Three white supremacists were arrested on Sunday in Los Angeles, California, after attacking Hispanic men and women in a public park.
The Los Angeles County Sheriff’s Department said that the men screamed “Heil Hitler” and racial slurs while waving a wallet with the confederate flag in Stephen Sorensen Park.
The men are reported to have assaulted three Hispanic teens, after which a family tried to intervene in the fight. At this point the white supremacists drew knives and threatened the family, police said.
The father of the family told NBC Los Angeles:
They just started beating them up.
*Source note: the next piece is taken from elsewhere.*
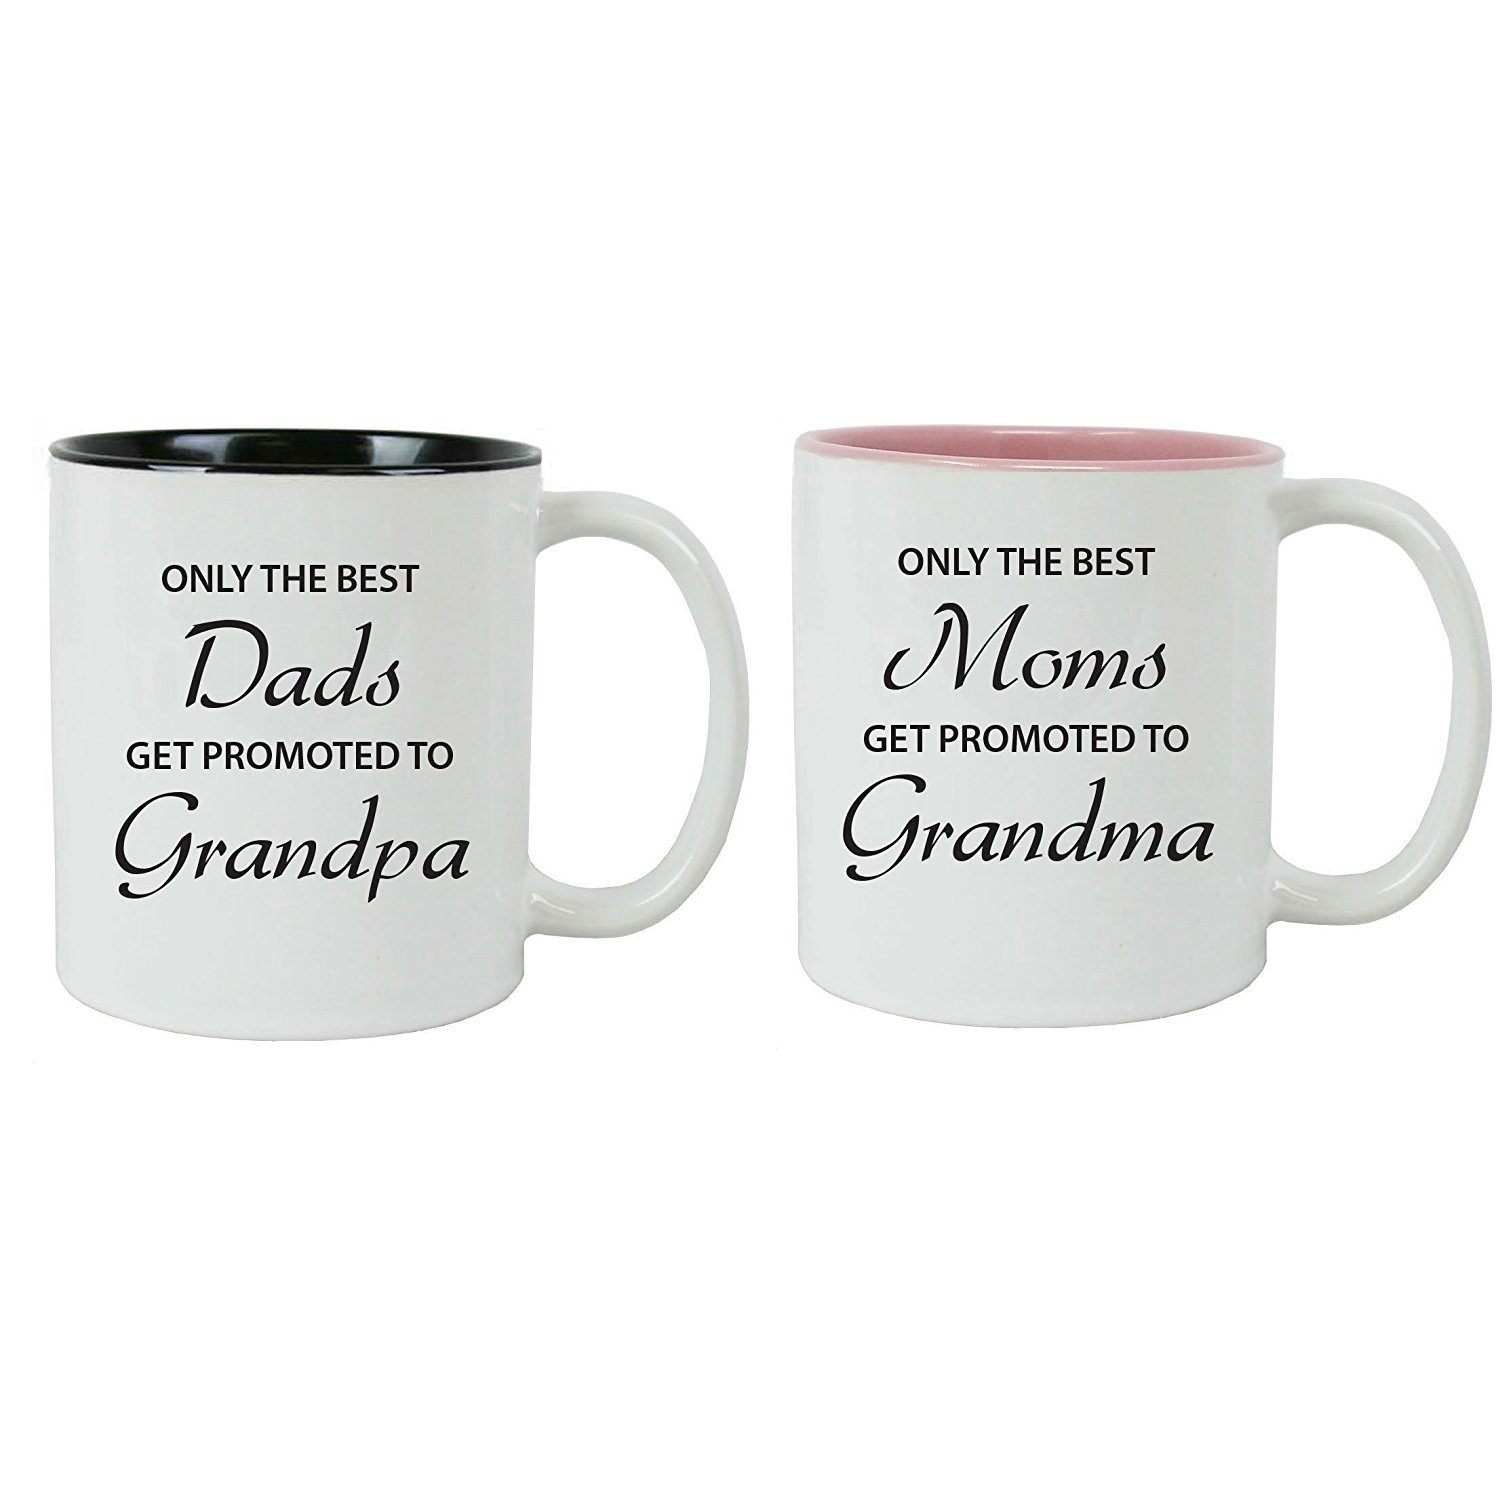 New Grandfather Gift Ideas
 Best Gifts For Grandparents Reviews of 2019 at TopProducts

They started coming towards us, and they pulled out some knives, and they were saying they would kill us.
Police are investigating the incident as a hate crime.
The incident has not been referred to as terrorism in news reports, despite it bearing hallmarks of this FBI definition:
The unlawful use of force or violence against persons or property to intimidate or coerce a government, the civilian population, or any segment thereof, in furtherance of political or social objectives.
Recent news reports have also shied away from using the 'T' word when describing a recent incident in which three counter-protesters were stabbed at a KKK rally in Anaheim on Saturday.
As Muslim American author Dalia Mogahed noted on MSNBC, months ago:
When you look at the majority of terrorist attacks in the United States, according to the FBI, the majority of domestic terror attacks are actually committed by white, male Christians.
And as Abed Ayoud, the legal and policy director for Washington DC-based thinktank the American-Arab Anti-Discrimination Committee, told indy100:
The only time the word terrorism or terrorist is used is when the perpetrator happens to be an Arab or a Muslim.
When the perpetrator happens to be a white American then the terminology is changed. So if it’s a white person then often we will hear that they have mental issues, they are troubled, different descriptions for their mental state.